- _Your instructions_: Your job with the data below is to output exactly the lines from the one holding "Sell well new" down to the one holding "Mark wading across the Barrier River", both included, and no others.

- _Records provided_:
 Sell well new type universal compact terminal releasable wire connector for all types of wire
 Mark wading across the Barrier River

...

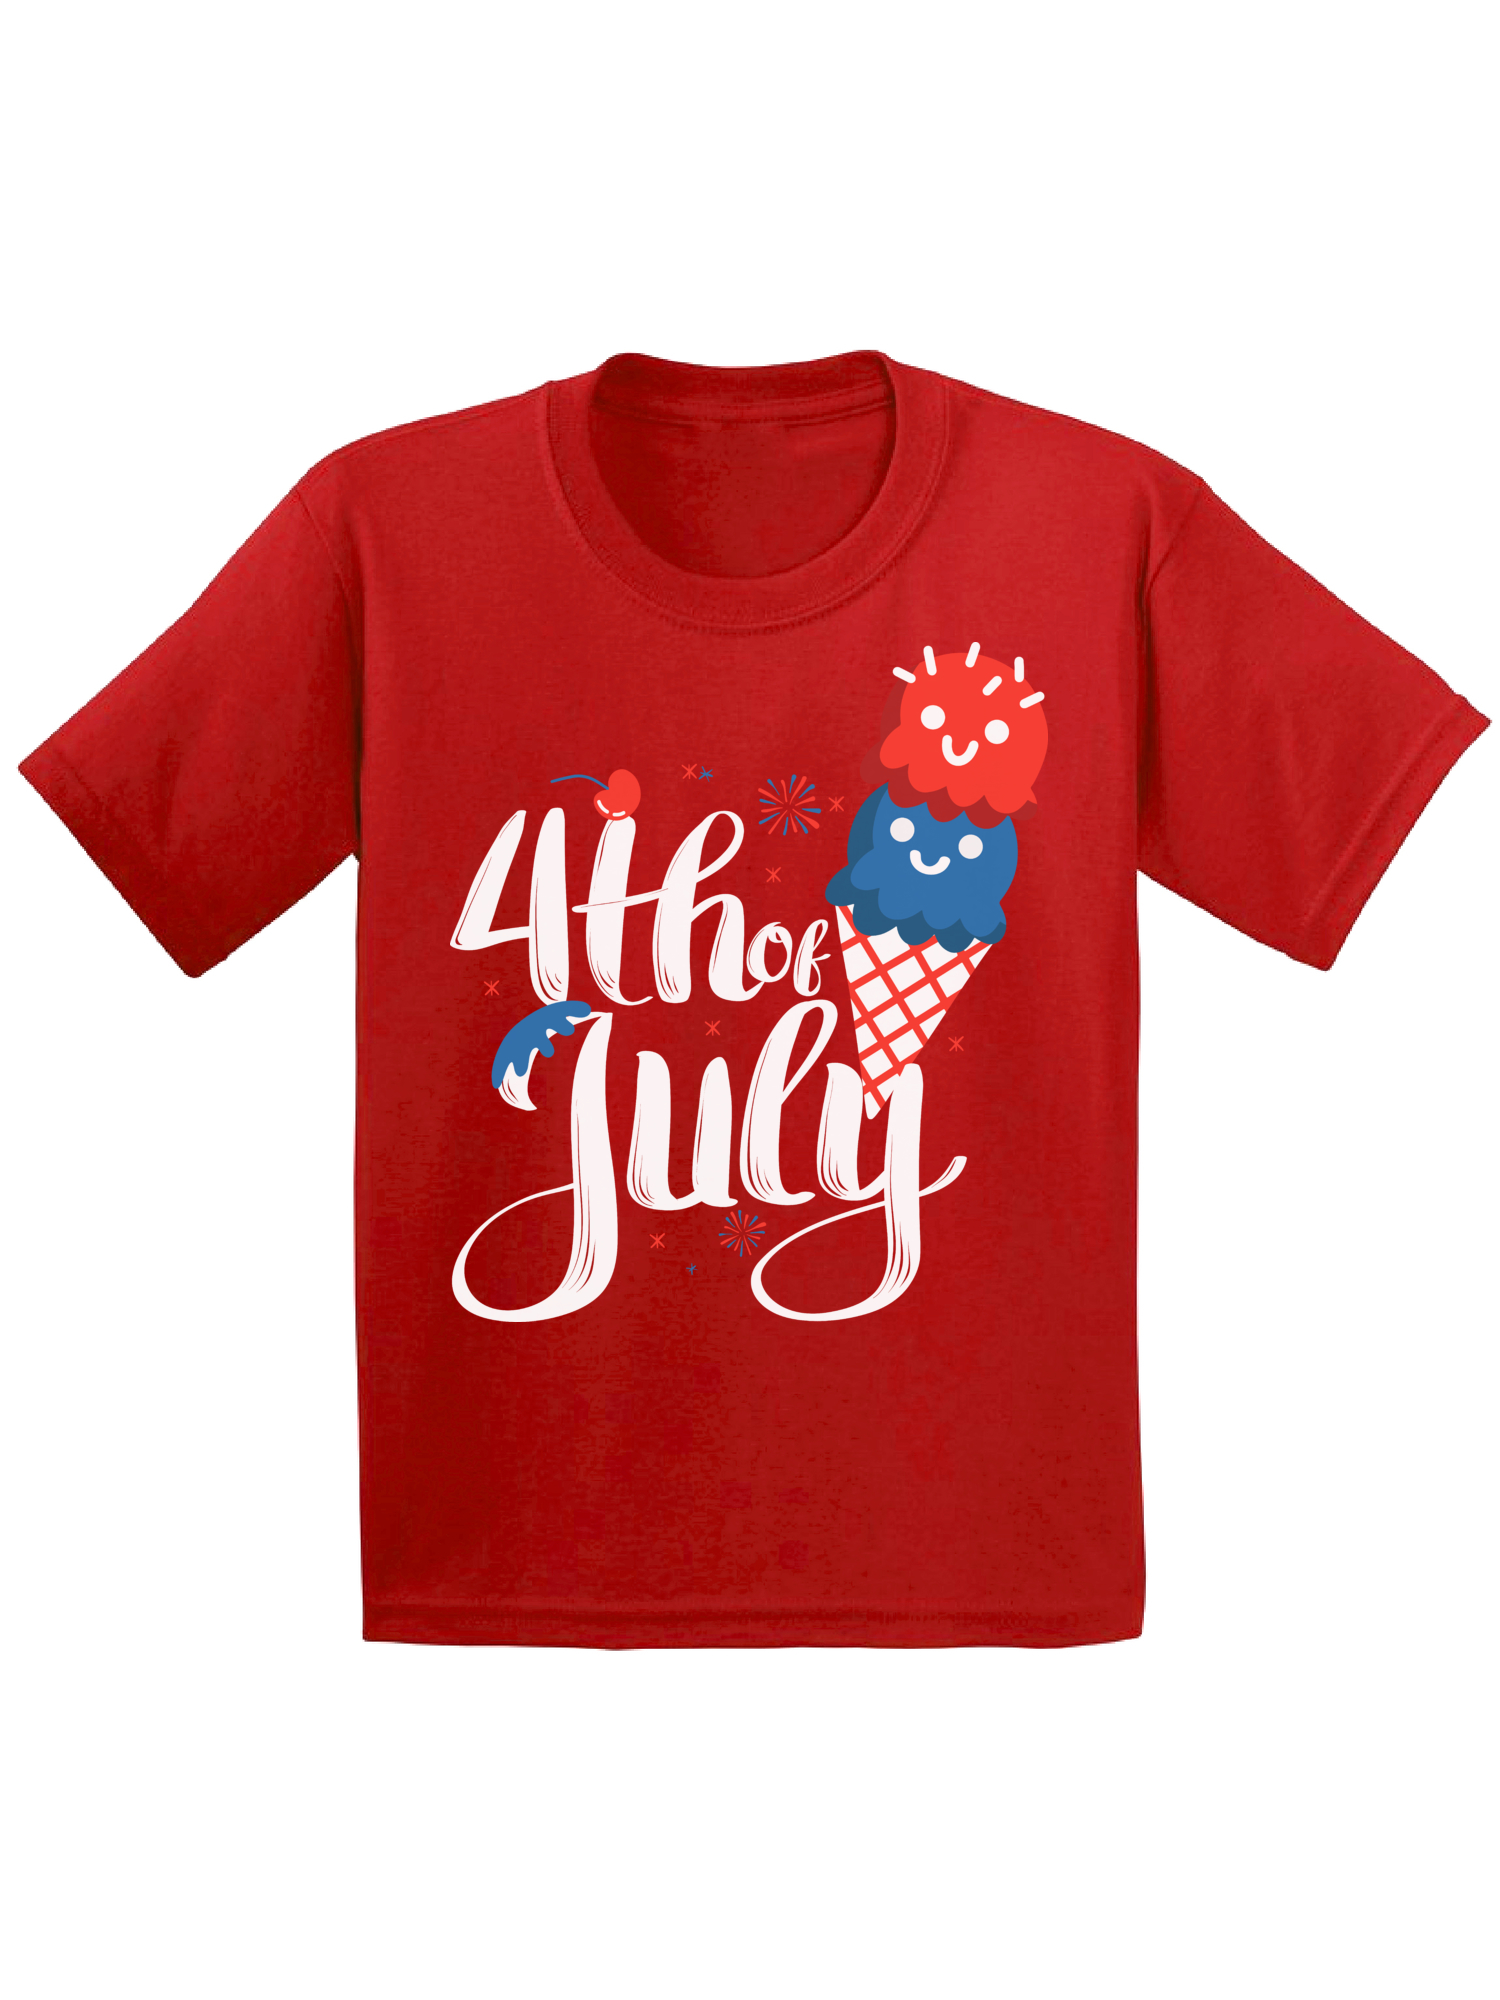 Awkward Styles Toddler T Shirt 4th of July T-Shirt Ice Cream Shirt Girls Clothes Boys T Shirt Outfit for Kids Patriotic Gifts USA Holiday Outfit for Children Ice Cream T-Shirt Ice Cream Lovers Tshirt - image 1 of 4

...

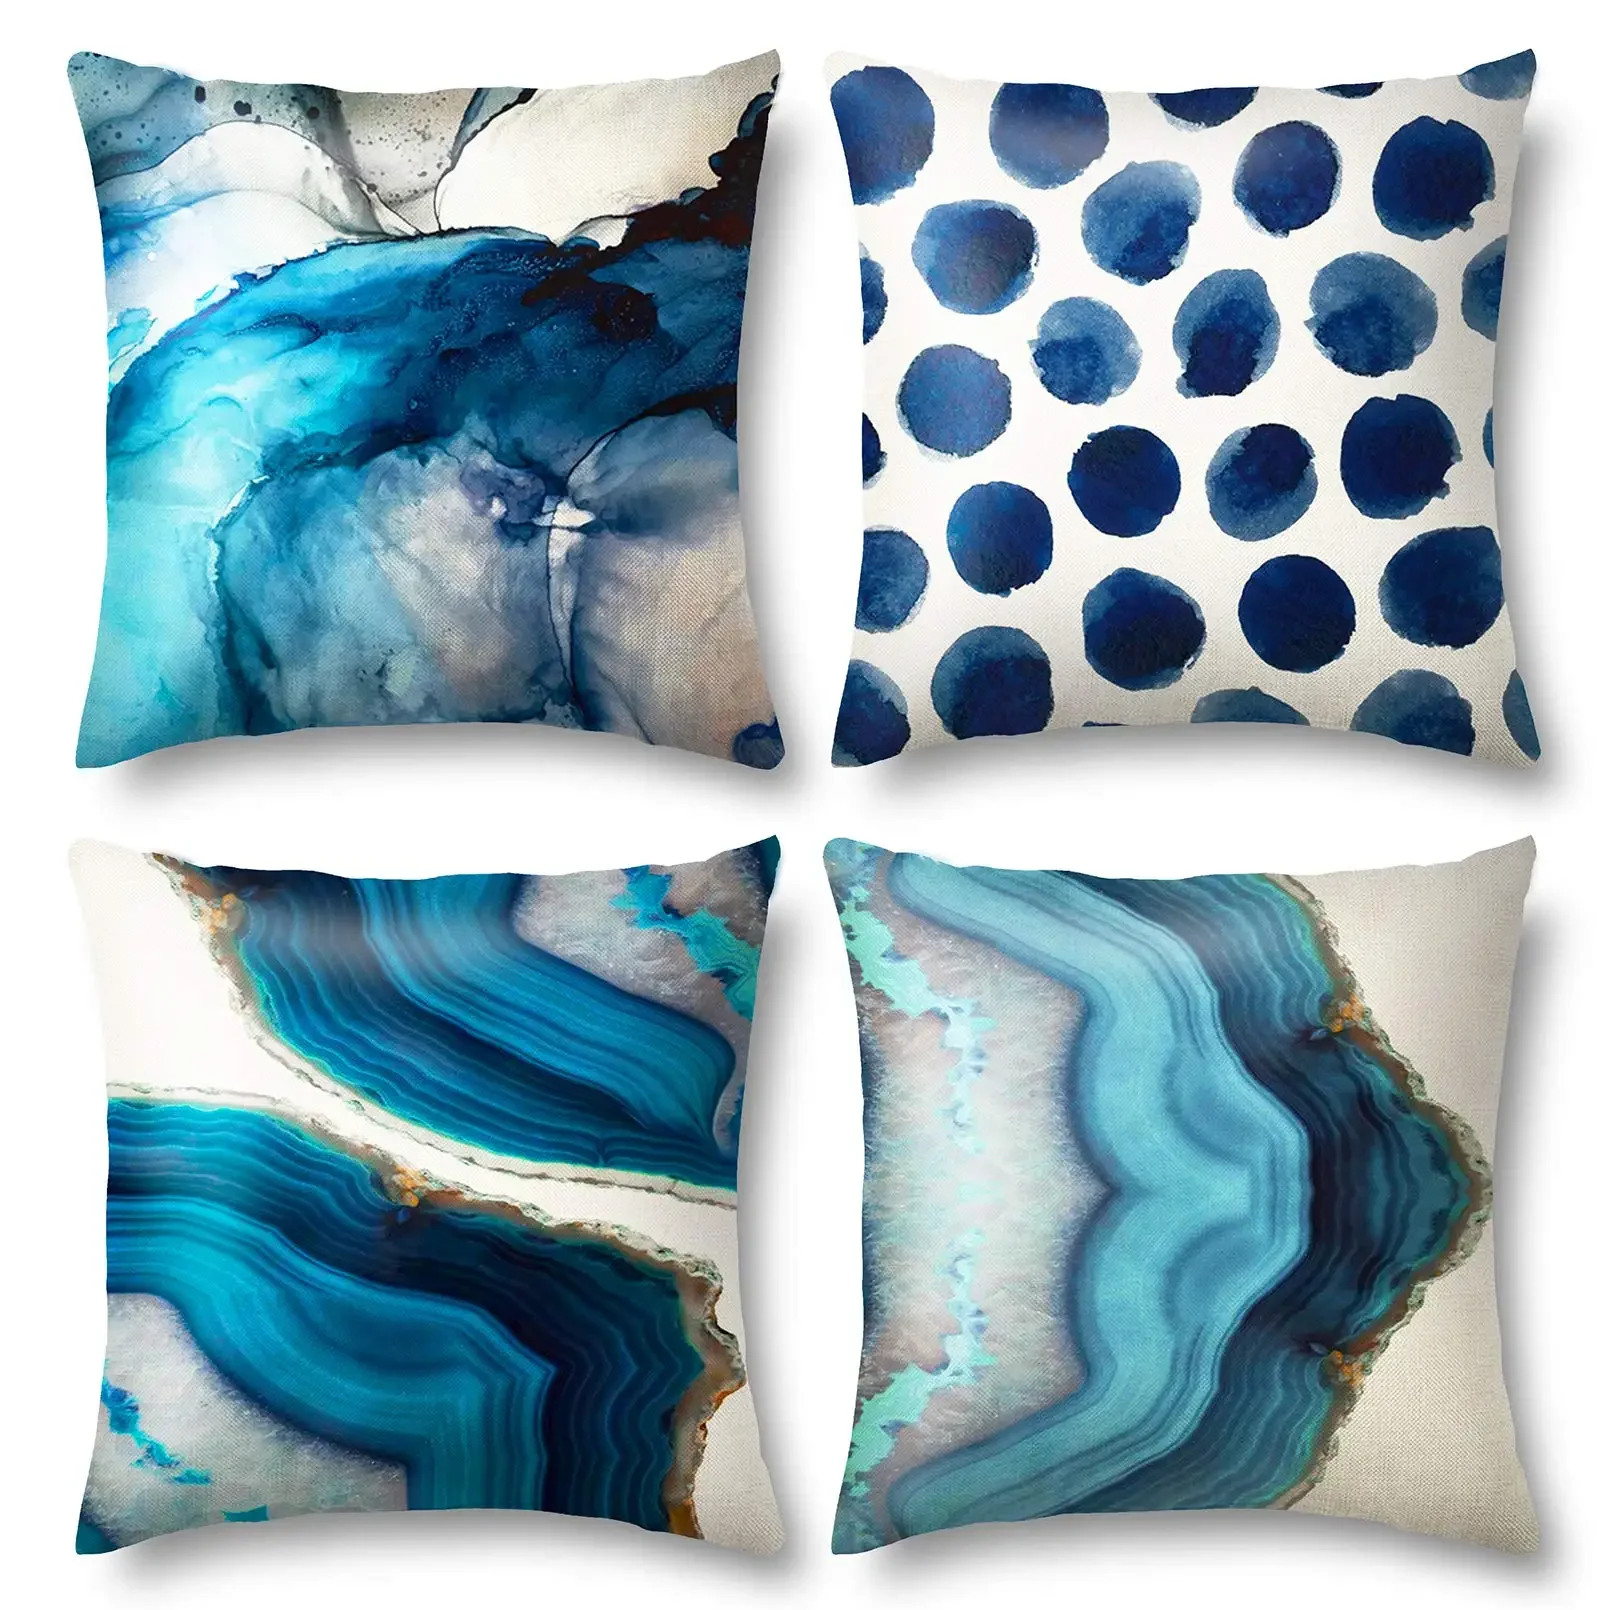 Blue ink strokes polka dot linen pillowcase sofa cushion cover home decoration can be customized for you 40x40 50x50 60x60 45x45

- _Output below_:
 Sell well new type universal compact terminal releasable wire connector for all types of wire
 Mark wading across the Barrier River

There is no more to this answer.